Abstract

DUT-49(Cu) is a well-studied representative of flexible mesoporous frameworks, in particular, famous for long-lived overloaded metastable states in the presence of a variety of gases at defined temperatures, leading to “negative gas adsorption” transitions. Important mechanistic insights into these transitions in DUT-49 were obtained via in situ powder X-ray diffraction (PXRD) studies conducted in parallel to gas physisorption. However, for strongly X-ray absorbing probe molecules, such as xenon, such studies are not feasible, even if synchrotron radiation is used. Here we employ in situ electron paramagnetic resonance spectroscopy (EPR), PXRD, and adsorption isotherm measurements to explore the phase transformations in DUT-49(Cu) in the presence of xenon and compare its properties with the corresponding adsorption/desorption behavior of ethylene for this material.
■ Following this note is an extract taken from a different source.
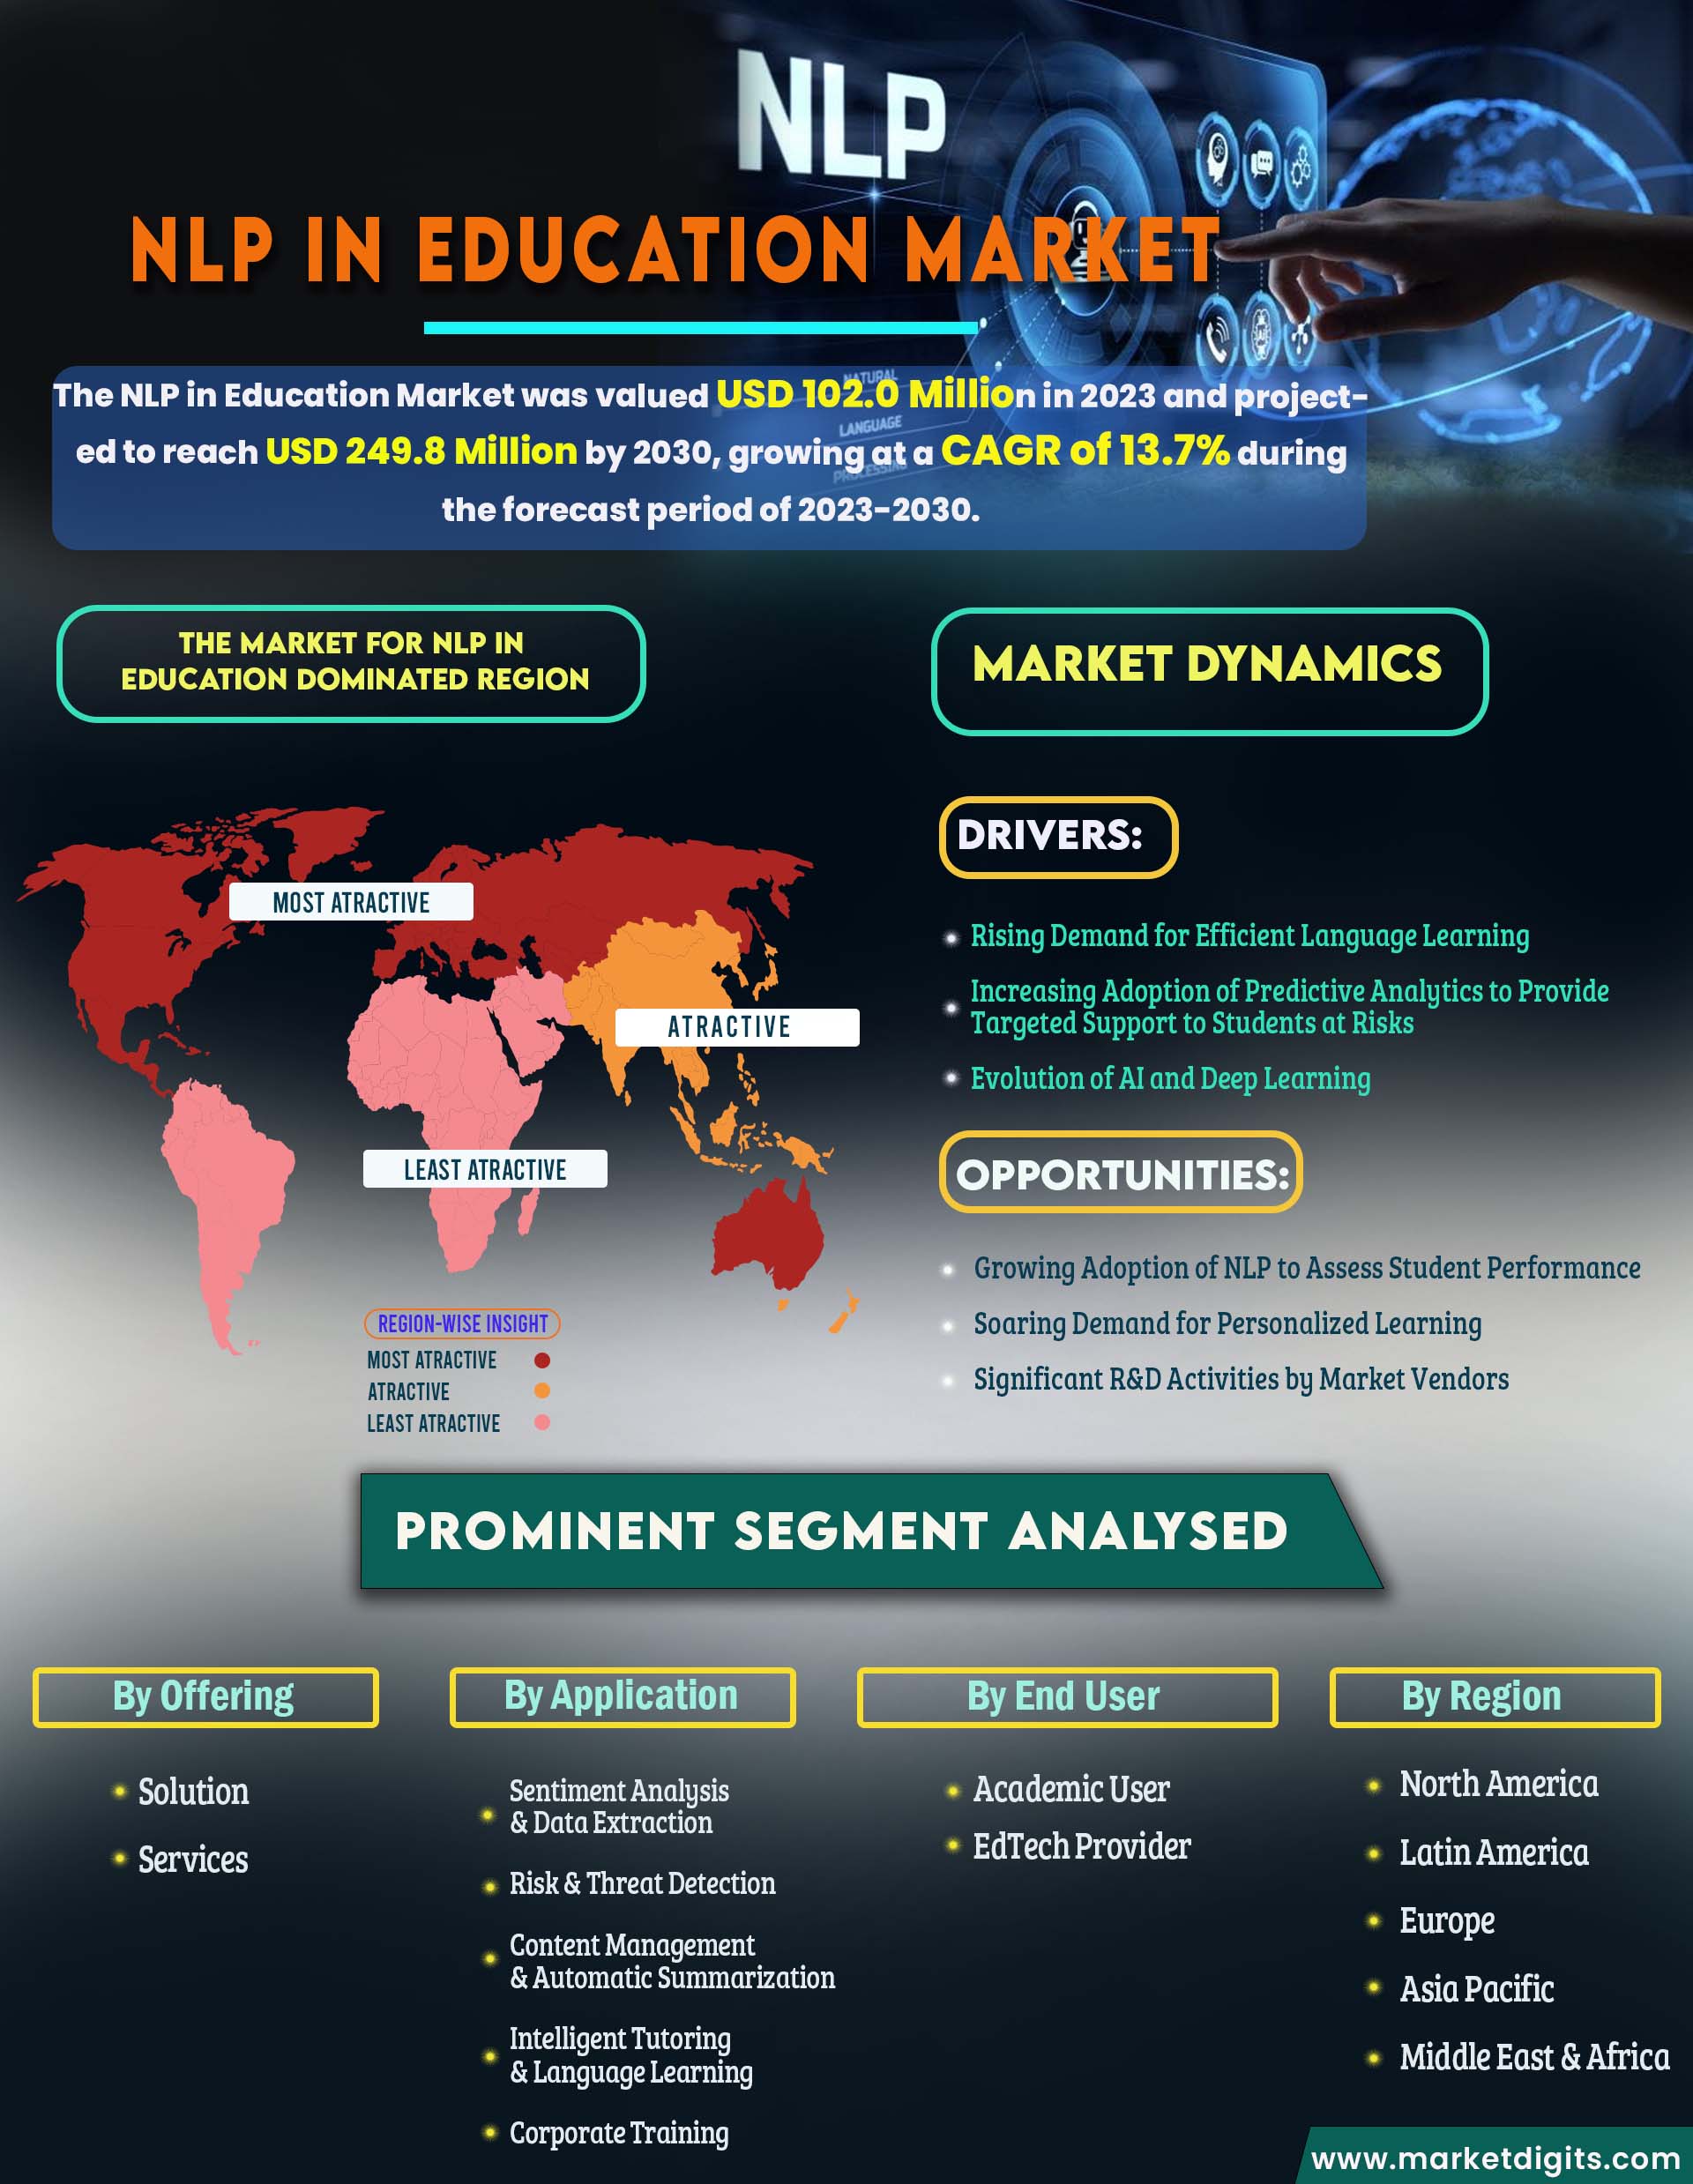 NLP in Education Market

The antiferromagnetically coupled CuII–CuII dimers in the paddle-wheel (PW) units of this pillared layer MOF serve as local magnetic probes in the in situ EPR measurement. These experiments allowed us to monitor the op ↔ cp phase transformations during the xenon physisorption through the structural changes at the PW units encoded in the zero-field splitting parameters of the S = 1 state of the CuII dimers. The EPR data indicates an expansion of the unit cell for the cp phase in the presence of xenon. This novel EPR-derived insight into the phase transformation phenomena of the xenon-loaded DUT-49(Cu) could be validated by combined in situ EPR, PRXD, and adsorption isotherm measurements for ethylene adsorption over the same MOF material in a comparable temperature range.